Core Abstraction: A fundamental concept or tool within a system, like transactions in a database, that simplifies complex tasks.
The Challenge of Distributed Systems
Engineering teams often face the task of developing solutions that are not just functional but also reliable, scalable, and fault-tolerant. When you build on an event-driven microservice architecture, you need to coordinate various processes across different services—this is where global algorithms come into play.
Imagine trying to complete an order in an online store. Multiple services, like payment processing, inventory management, and shipping, must work together seamlessly. Each of these services runs its own local algorithms, but the overall process is a global algorithm that orchestrates them all.

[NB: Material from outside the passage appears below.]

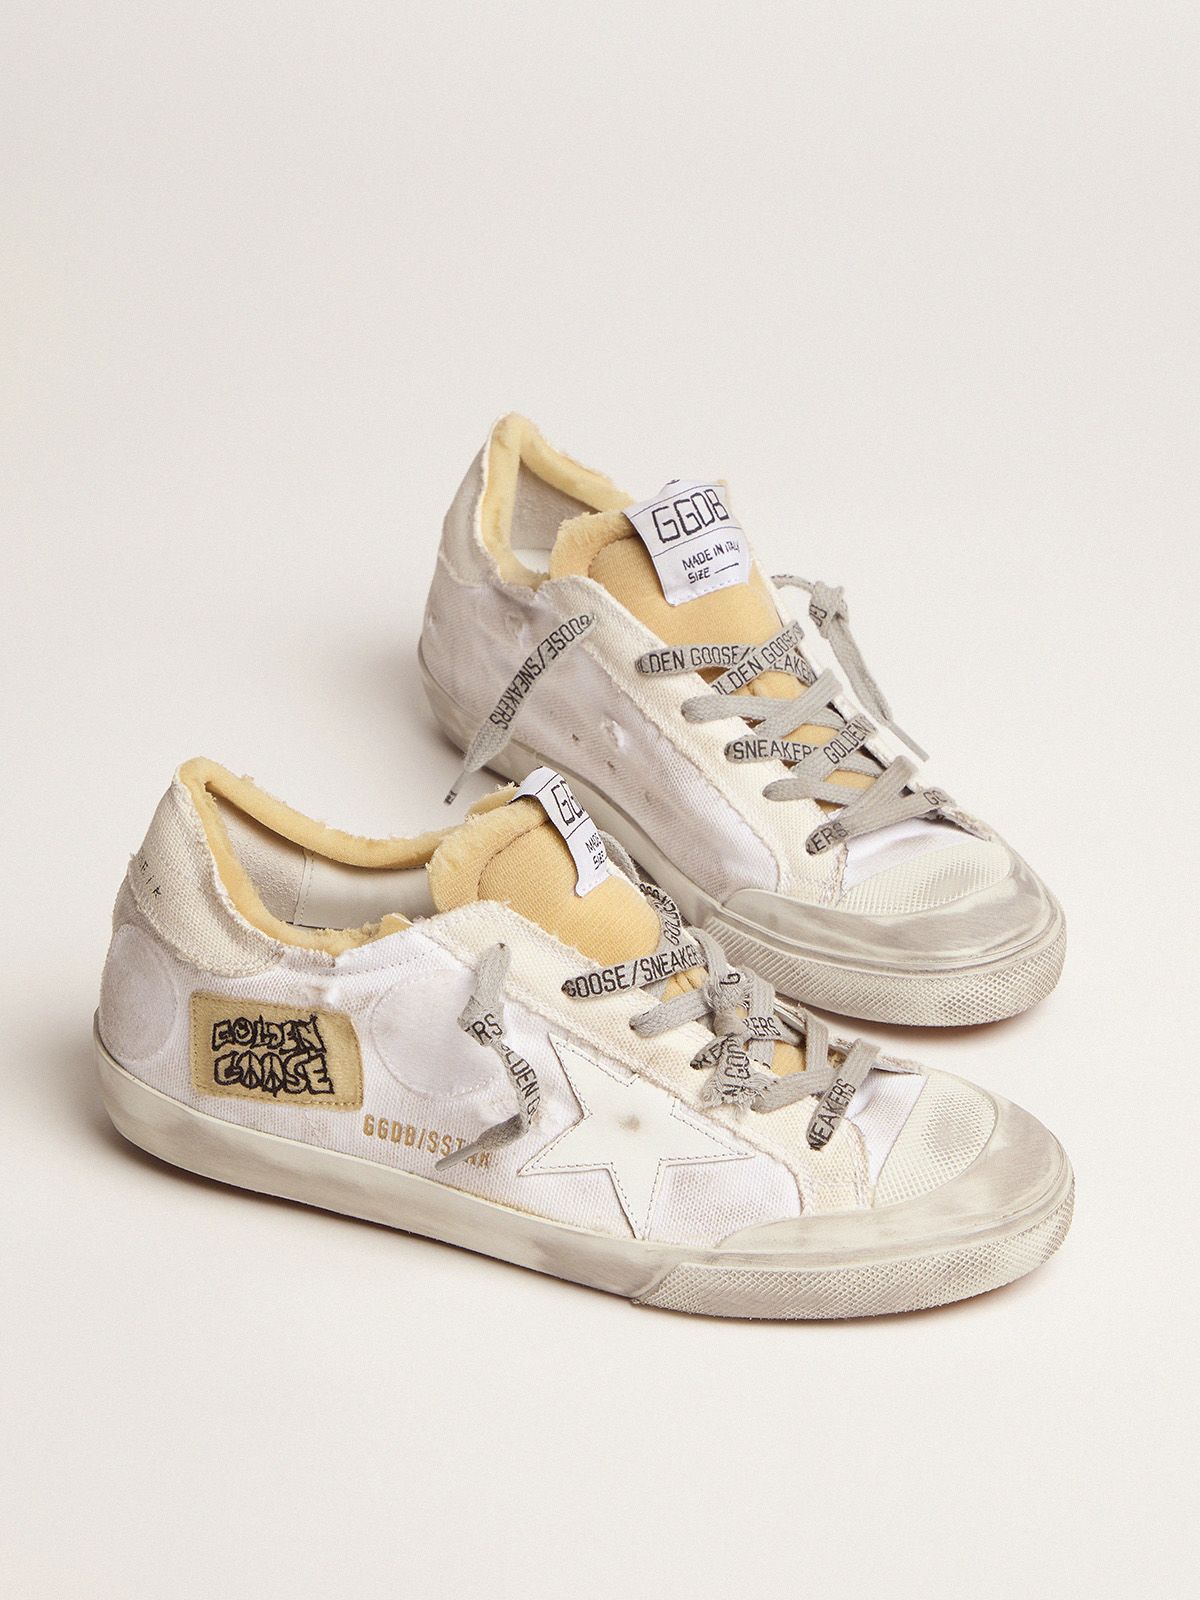 Dream Maker Collection women’s canvas Super-Star sneakers with side patch

But here’s the catch: building these global algorithms is tricky. Engineers often have to solve the same problems repeatedly—handling errors, managing timeouts, dealing with failures, and balancing workloads. These are challenges inherent to distributed systems, and they must be addressed at the application level because no platform-level solution fully tackles them.

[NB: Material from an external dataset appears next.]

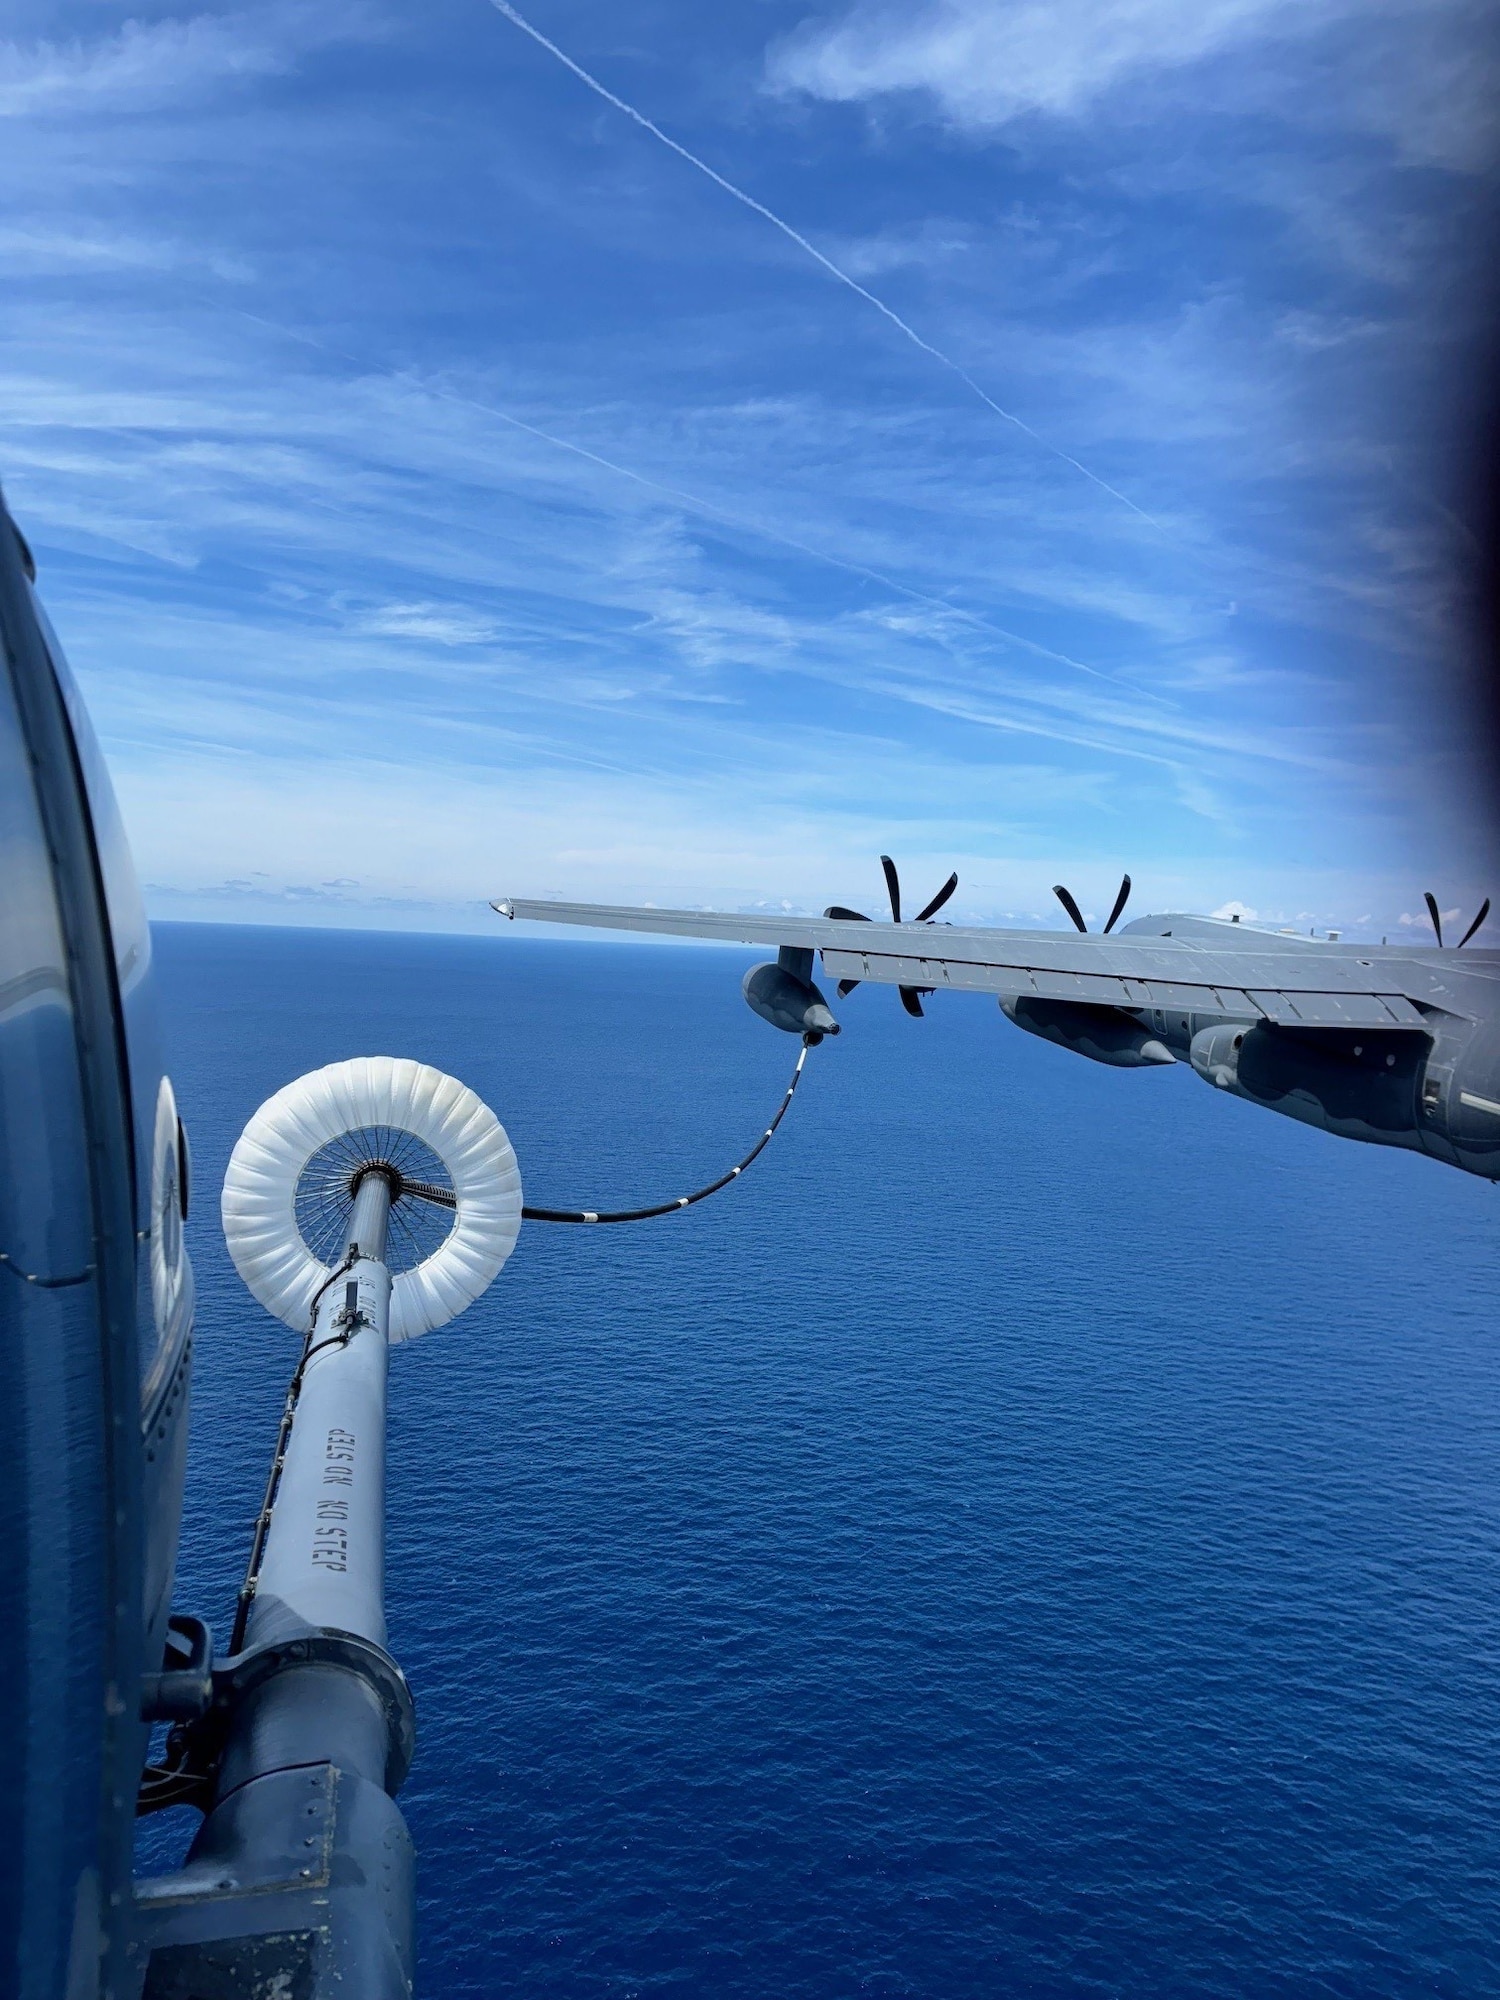 920th Rescue Wing conducts civil search and rescue operation

The Need for a Better Solution
What if there was a way to simplify these challenges? Think about databases that follow ACID (Atomicity, Consistency, Isolation, Durability) principles. They provide core abstractions like transactions and rollbacks, which guarantee that either everything in a transaction happens or nothing does. This kind of system abstracts away a lot of the complexity, making it easier for engineers to focus on the business logic rather than the underlying mechanics.
Similarly, distributed systems need a generalized solution that can abstract away most of their problems, making global algorithms easier to design, understand, and maintain. This is where Temporal comes in.
Introducing Temporal
Temporal offers a new core abstraction called a Workflow. A workflow in Temporal is essentially a series of commands that guarantees the desired outcome across a distributed system, even in the face of failures or timeouts. By handling these challenges at the platform level, Temporal eliminates them at the application level, making your job as an engineer much easier.

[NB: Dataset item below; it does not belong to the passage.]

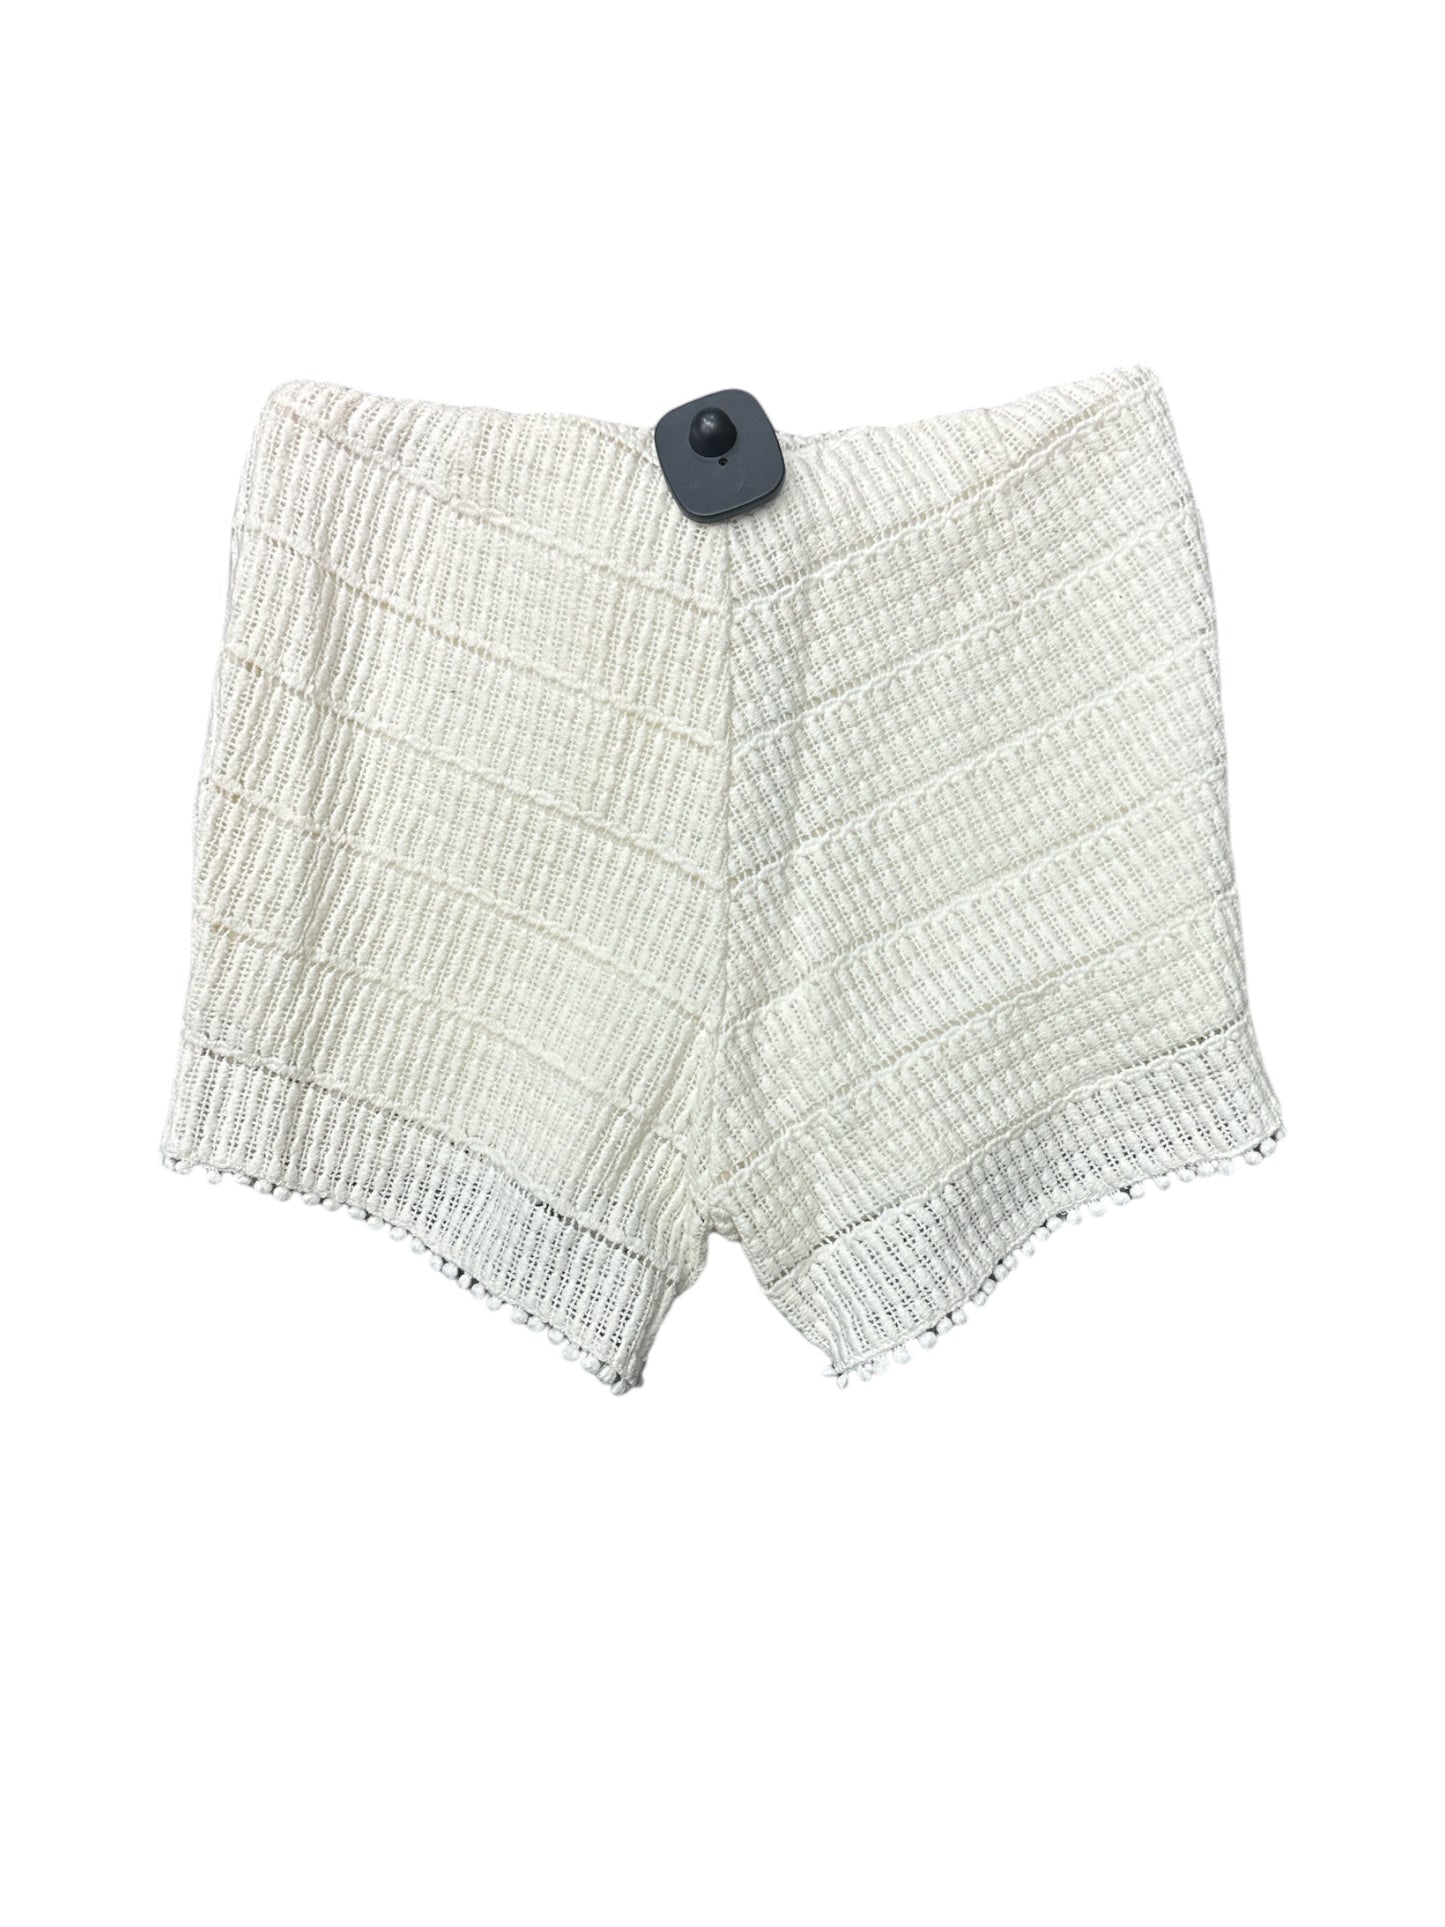 Shorts By Cmc  Size: 0

Temporal is an open-source workflow system that lets you write your workflows in code, using languages like Go, JavaScript, and Java. The beauty of Temporal is that it can take a regular function and elevate it into a workflow that is resilient to failures like server crashes, timeouts, and restarts. This means your function will execute to completion, no matter what happens.
Why Temporal is a Game-Changer
Using Temporal can significantly boost both the durability and reliability of your systems while also increasing developer productivity. For instance, Nuon, an infrastructure startup, reported a 36x increase in developer efficiency after switching to Temporal. That might sound unbelievable, but consider how much easier it is to manage data in a database compared to doing it all in your application code.
How Temporal Works
Temporal revolves around two core concepts: Workflows and Activities.
Workflows are defined using the Temporal SDK, similar to writing a regular function. However, workflows must be deterministic, meaning they produce the same result every time they’re run with the same input.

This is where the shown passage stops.